Dror Wahrman
Ruth N. Halls Professor - 2006 - 2012
Dror Wahrman is the Ruth N. Halls Professor, Department of History and Director, Center for Eighteenth-Century Studies at IU Bloomington. He earned his B.Sc. at Hebrew University of Jerusalem, 1984, M.A. at Tel Aviv University, 1987, and Ph.D. at Princeton University, 1993.
Dr. Wahrman is a cultural historian of Western Europe in the transition from the pre-modern to the modern, focusing especially on Britain. Much of his work tries to understand what the terms in the previous sentence actually mean. What are the meaning and characteristics of modernity? How distant are we from our "pre-modern" or "early-modern" ancestors? Previous work took apart and then put together again some key narratives that the modern west tells about itself - first, the rise of class society and especially the middle class; and second, the emergence of the modern individual or modern self. In both cases Wahrman asked where do these narratives come from and what in fact were the historical developments that stood behind them (which were not at all those they claimed to represent).
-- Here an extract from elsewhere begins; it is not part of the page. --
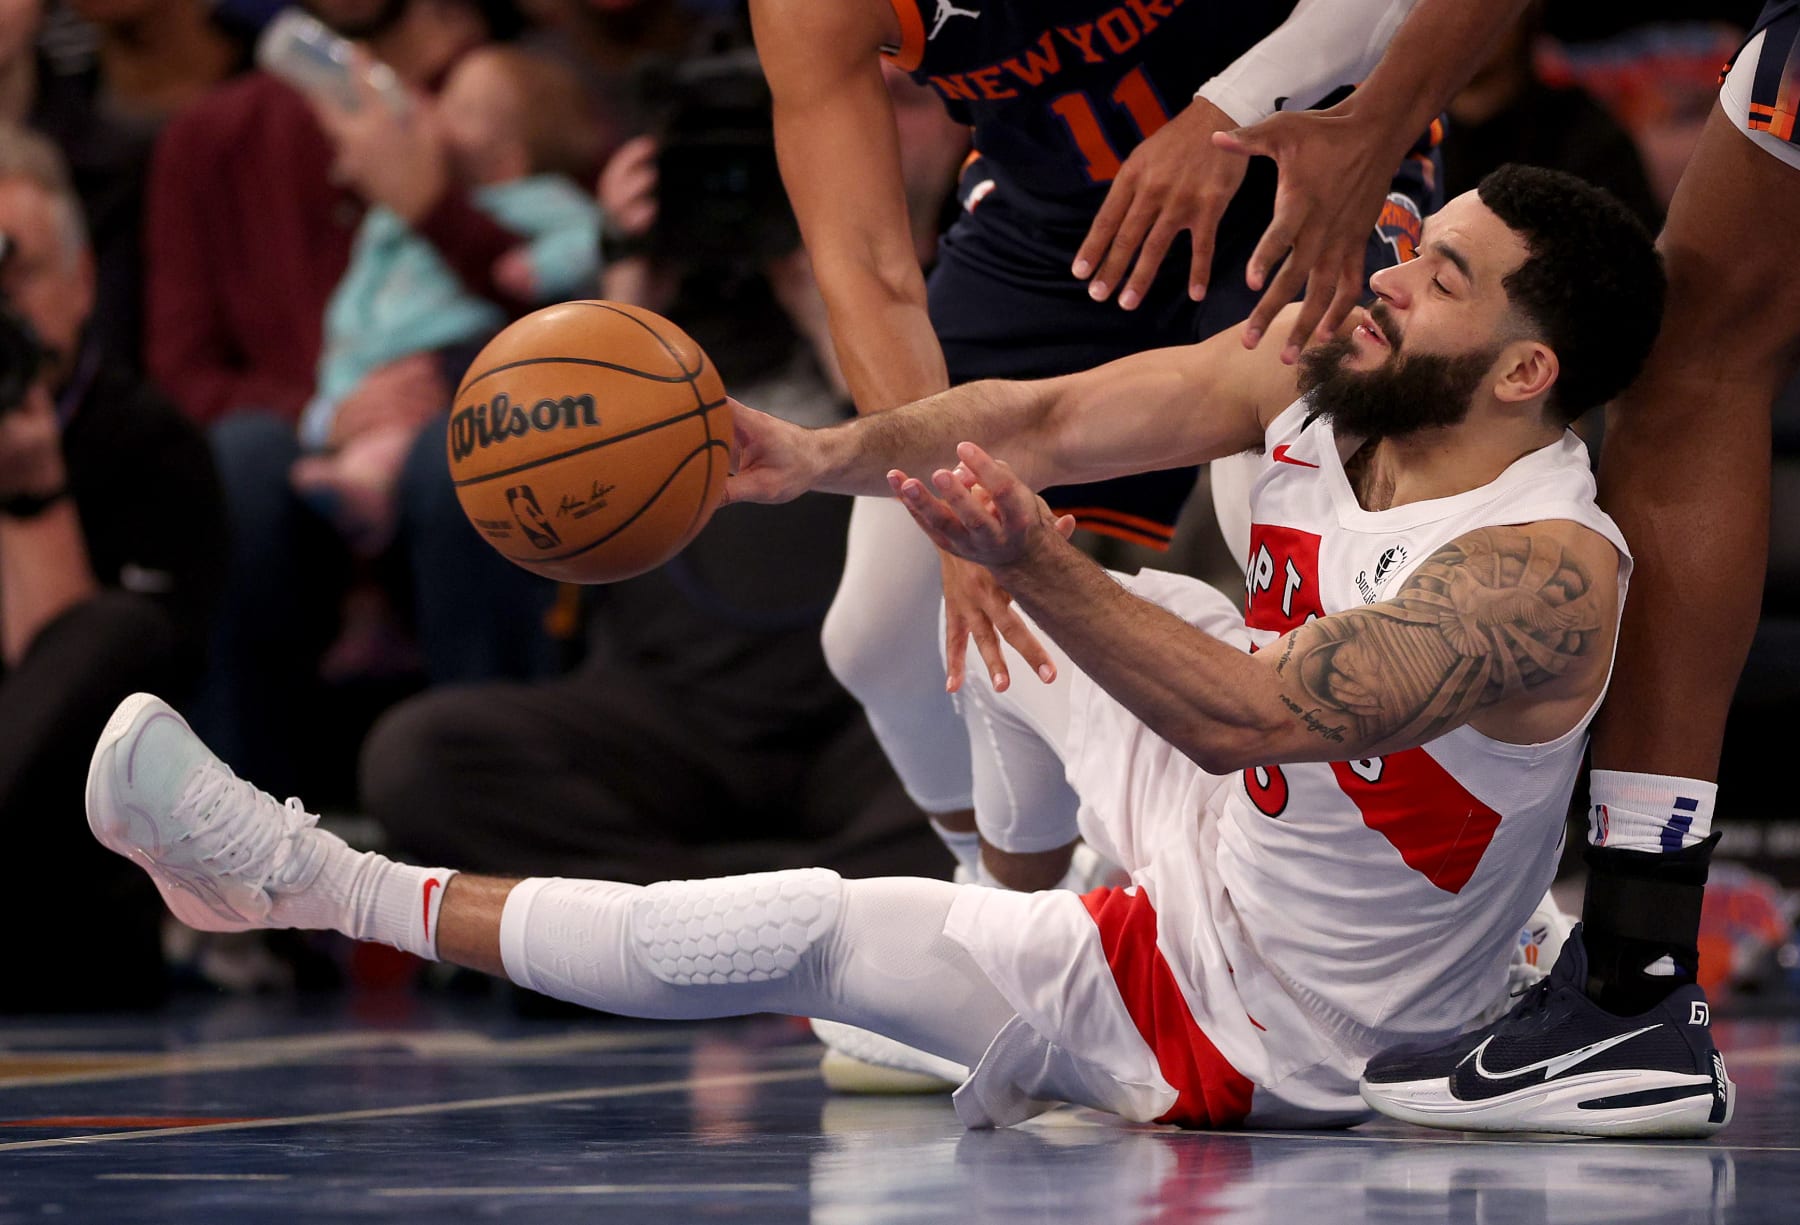 The Utah Jazz should keep an eye out on the Cole Anthony situation

Dr. Wahrman's main topics of interest therefore have been the meanings of identity and self - including categories of identity like gender, race and class; and their intersection with social, cultural and political trends. In recent years he have been drawn especially to the eighteenth century, when so many of those trends began. This interest is reflected in his role as the director of the Center for Eighteenth-Century Studies at Indiana University. He is currently completing two books. One is on a mysterious and virtually unknown painter from the late seventeenth and early eighteenth centuries whose work was (he argues) an ingenious commentary on the media revolution of this period and on the birth of modern politics. The other, which he is writing with Professor Jonathan Sheehan of the University of California-Berkeley, is about what differentiated the eighteenth century from the early modern period, a question that we want to answer through a close look at the changing role of god in the world as the source of order and harmony. In addition I have a separate interest in the history of Palestine and especially Jerusalem since the eighteenth century, and of photography in the Middle East.
Dr. Wahrman's work has been recognized with the North American Conference on British Studies Ben Snow Prize 2005, awarded to The Making of the Modern Self, the American Society for Eighteenth-Century Studies Louis Gottschalk Prize 2005, awarded to The Making of the Modern Self, the Frederick Burkhardt Residential Fellowship, American Council of Learned Societies, 2002/3, the American Society for Eighteenth-Century Studies. Clifford Prize 2001, awarded for "Gender in Translation: How the English Wrote their Juvenal, 1644-1815", Representations 65, Winter 1999.